======== Supplied information

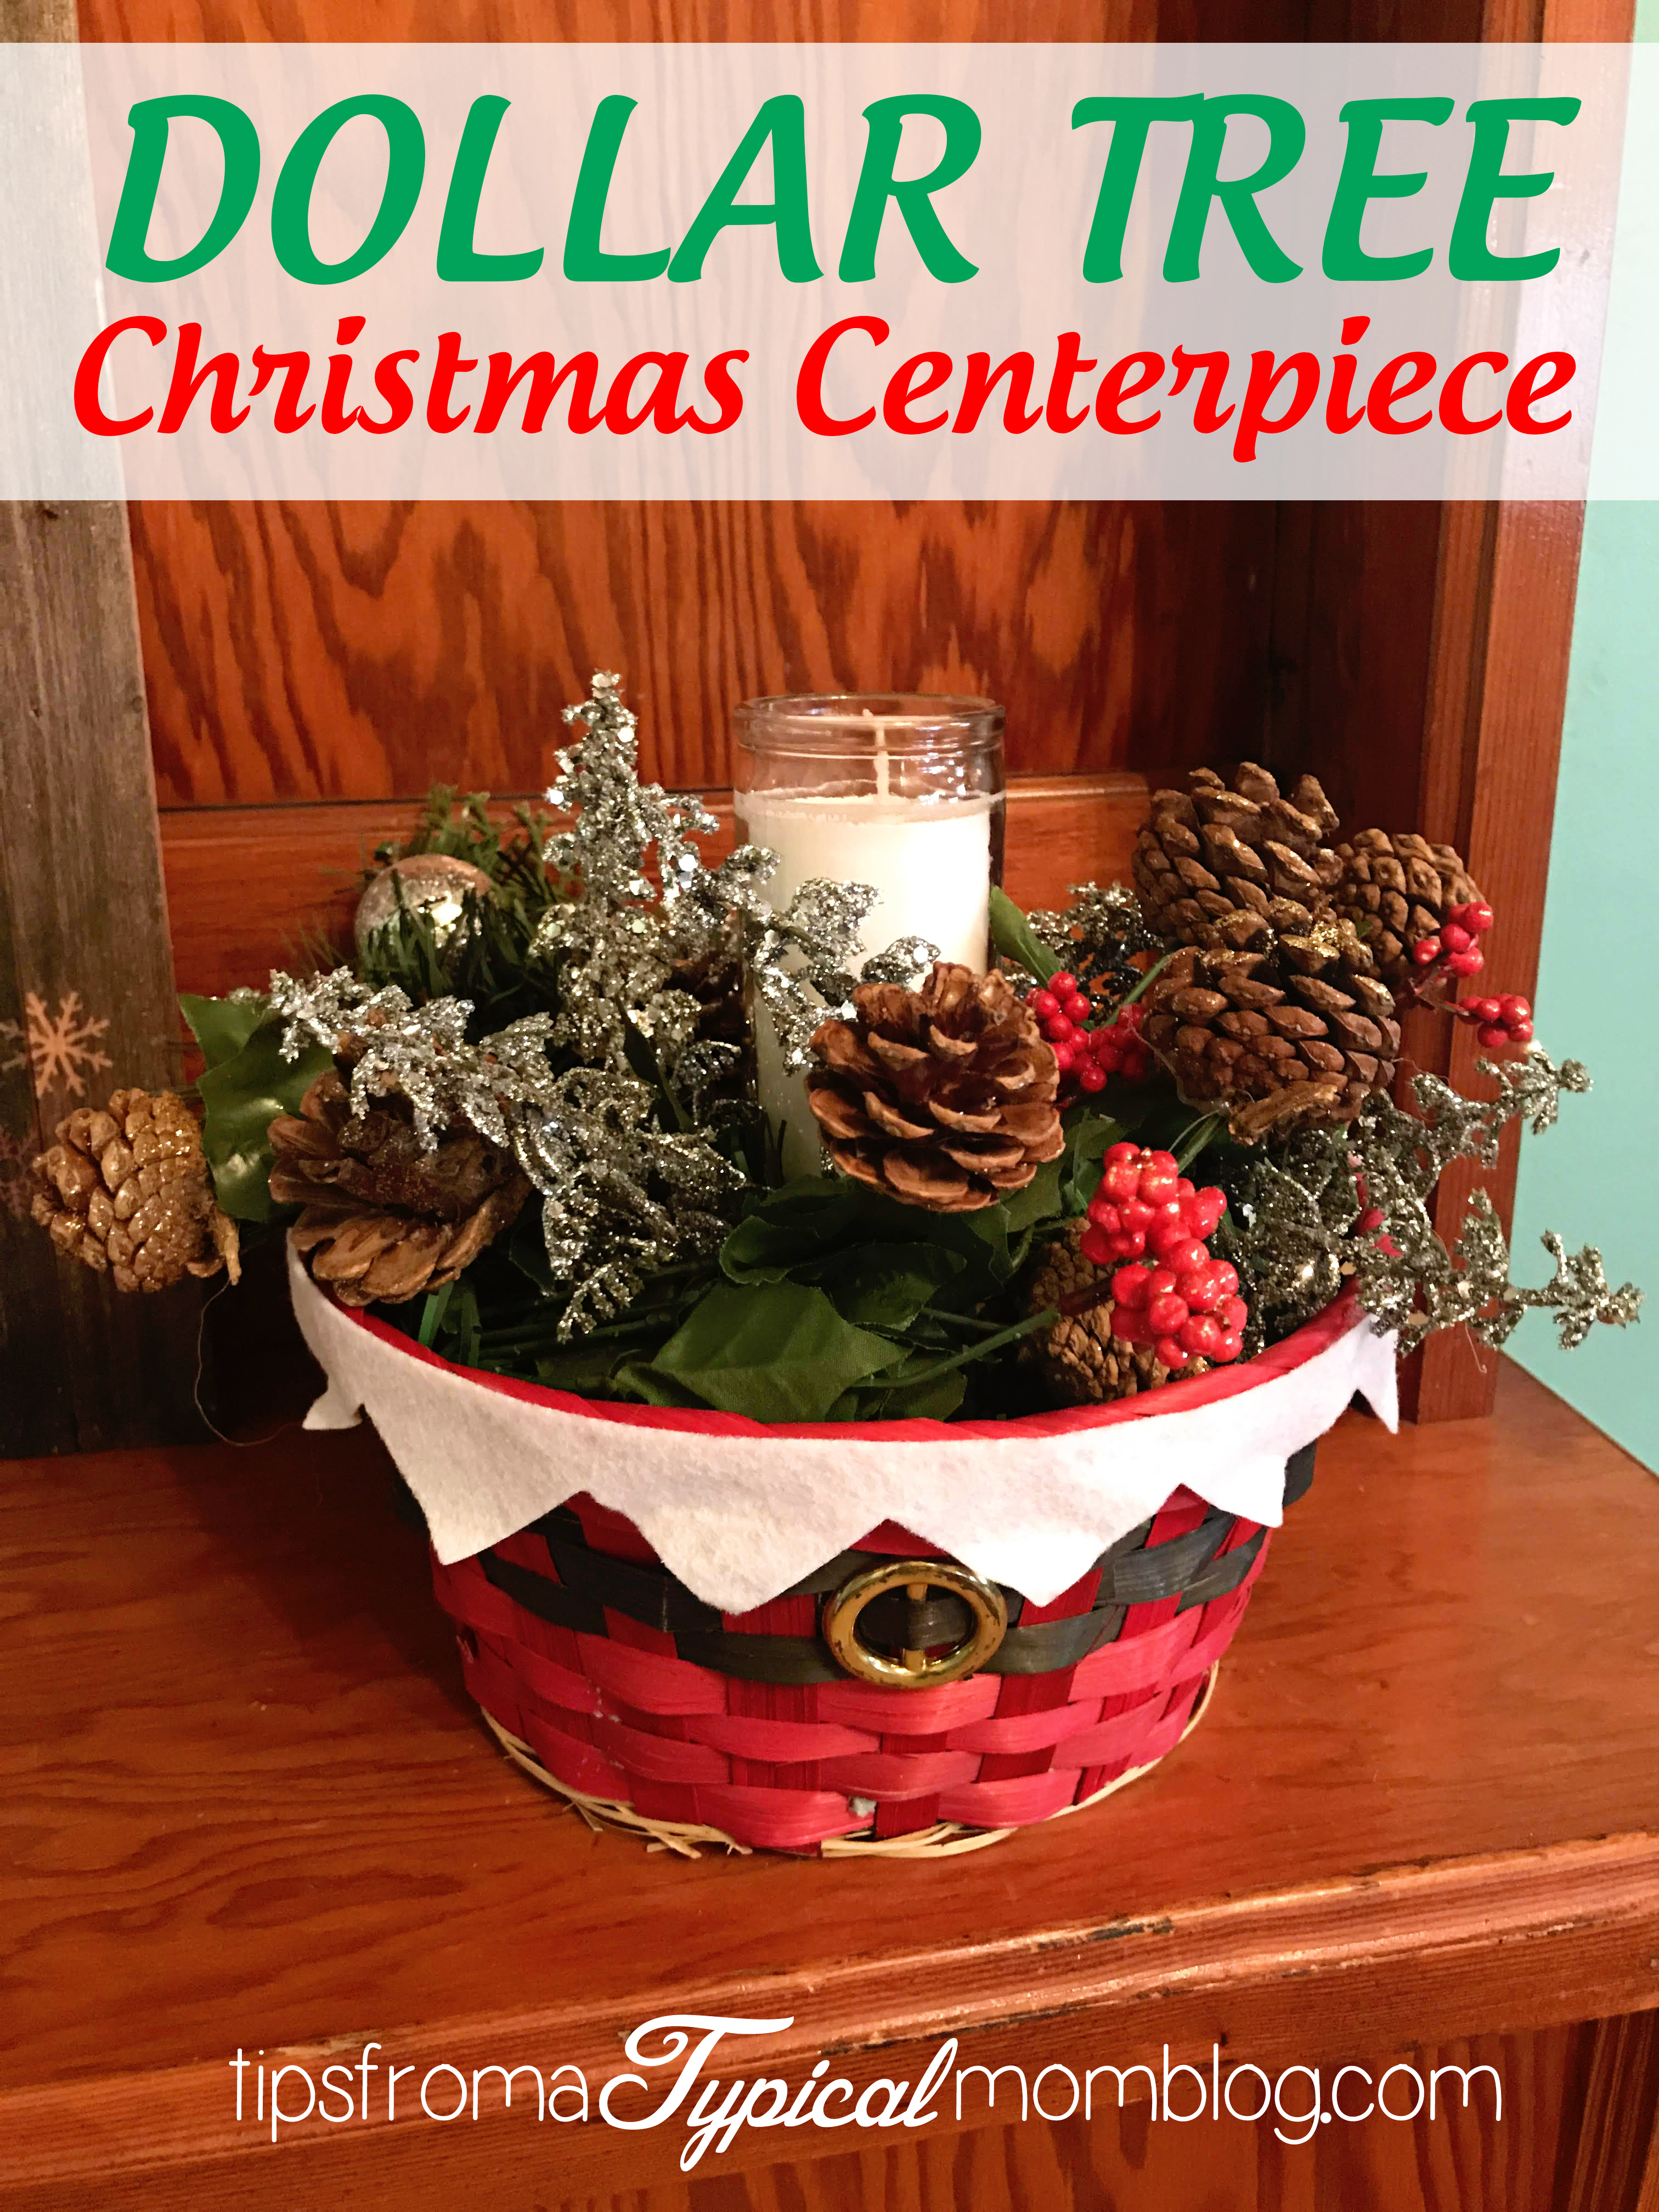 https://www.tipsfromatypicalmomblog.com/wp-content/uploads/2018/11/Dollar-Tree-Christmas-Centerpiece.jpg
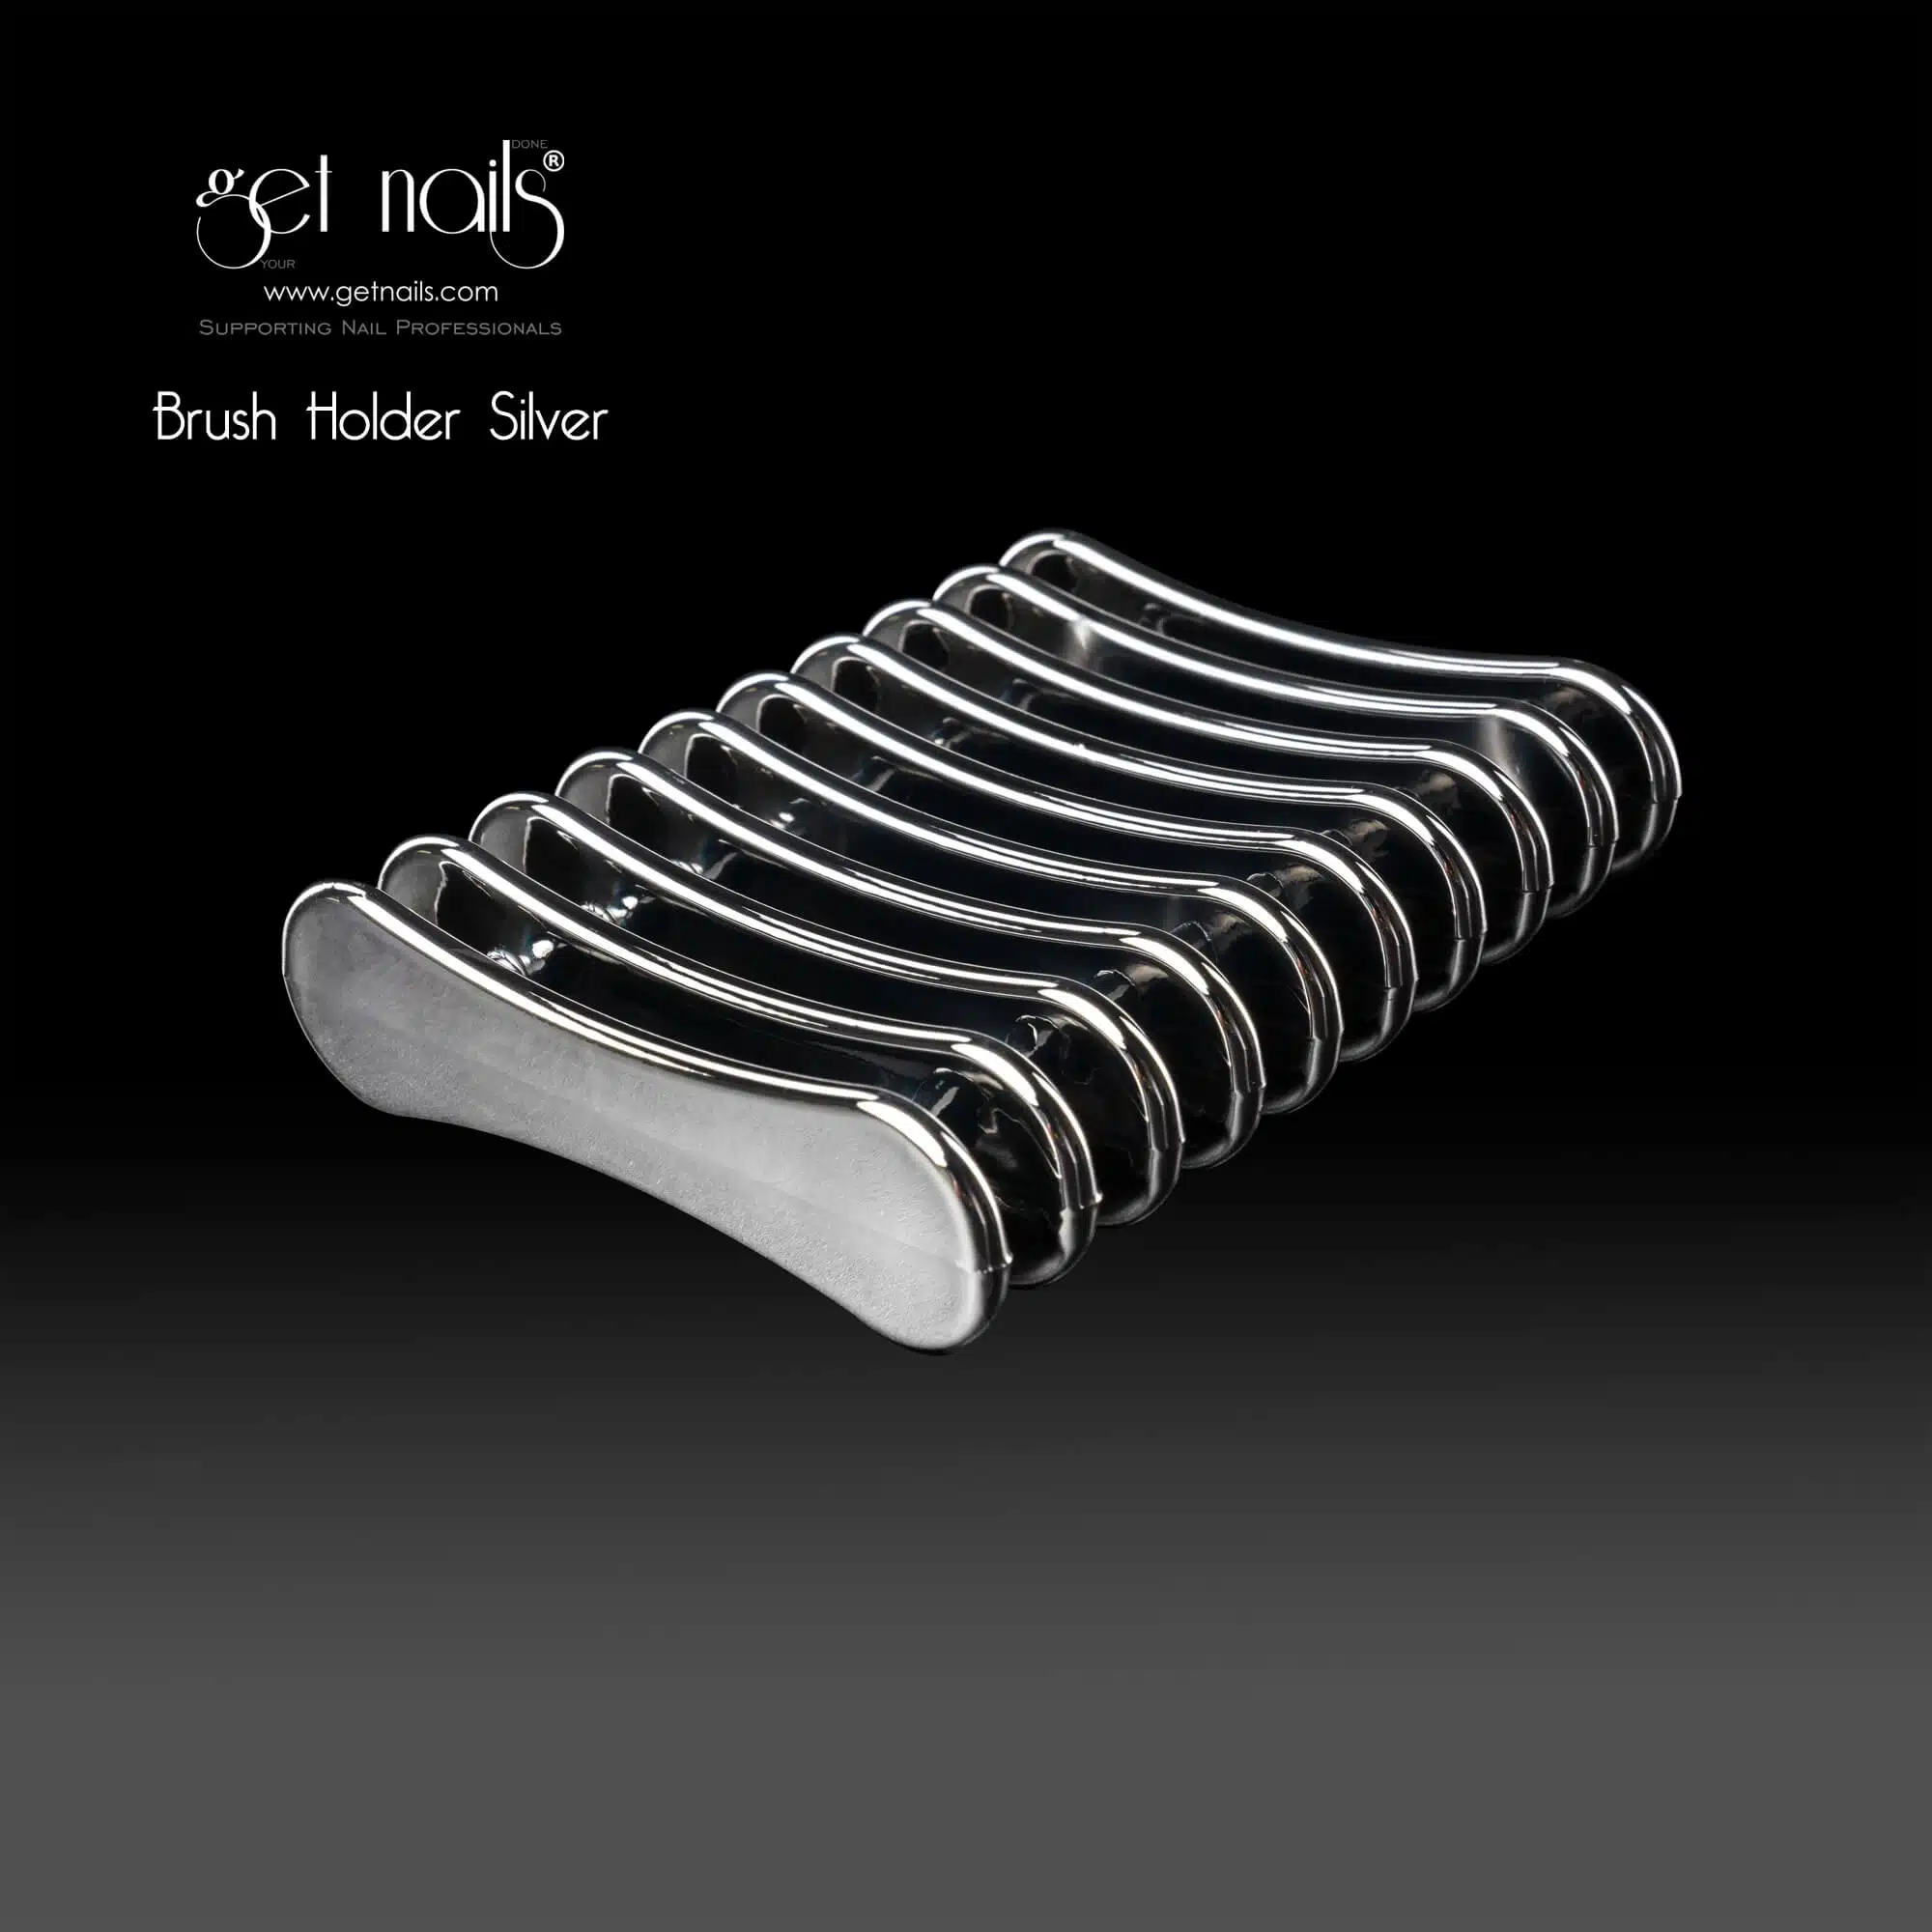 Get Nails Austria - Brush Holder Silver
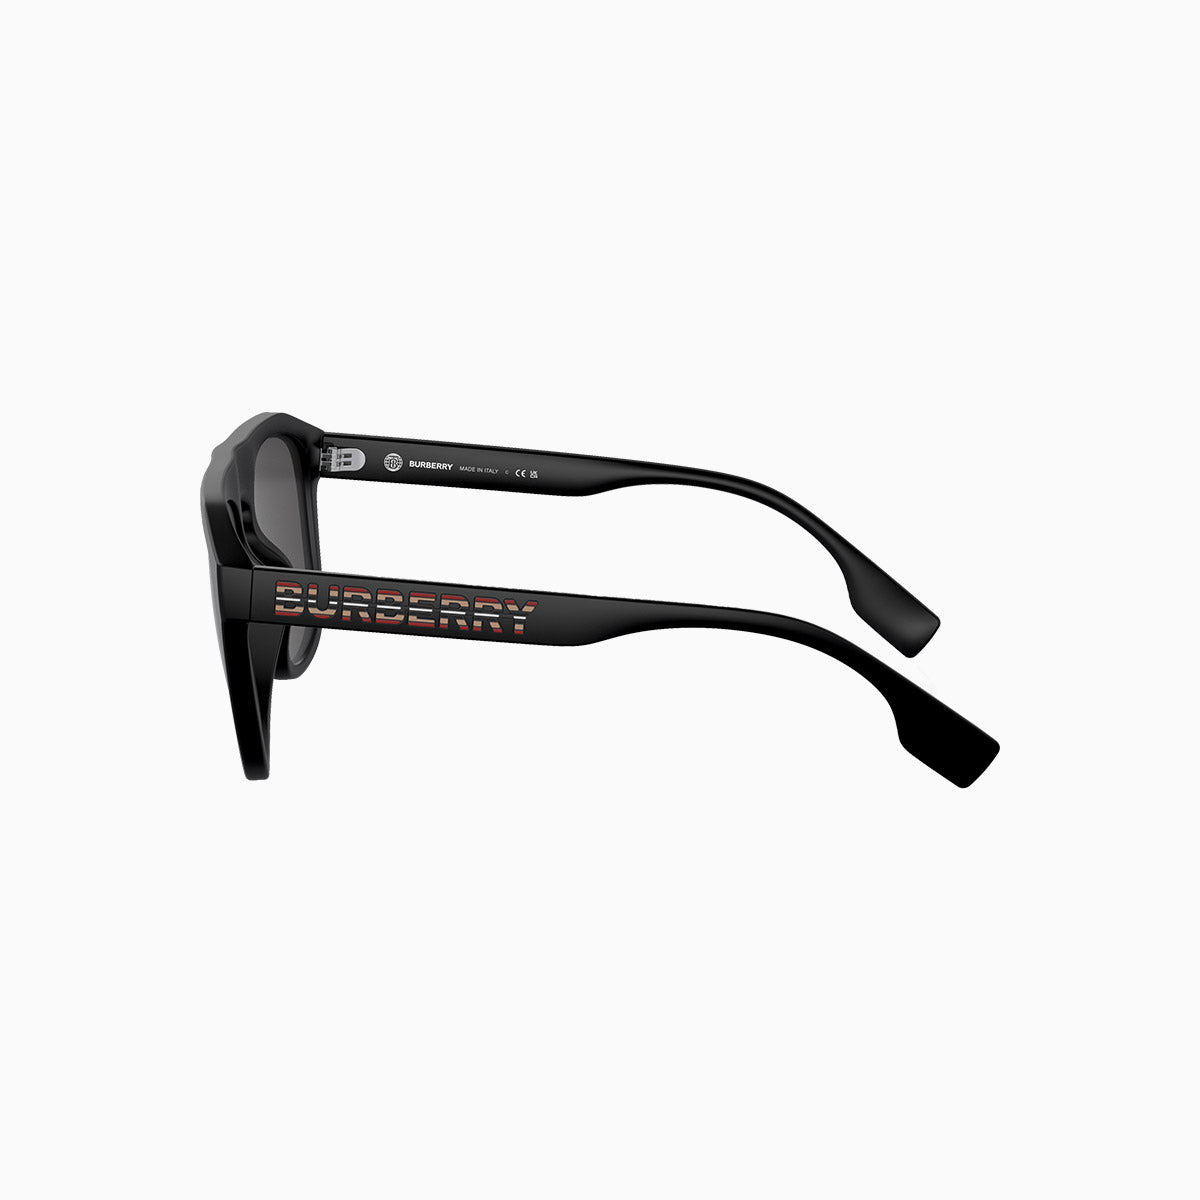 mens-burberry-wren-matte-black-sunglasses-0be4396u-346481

================

◆ Task
The required output is the listing above reproduced exactly, pictures removed.

◆ Solved exercise
 https://www.tipsfromatypicalmomblog.com/wp-content/uploads/2018/11/Dollar-Tree-Christmas-Centerpiece.jpg
 Get Nails Austria - Brush Holder Silver
 mens-burberry-wren-matte-black-sunglasses-0be4396u-346481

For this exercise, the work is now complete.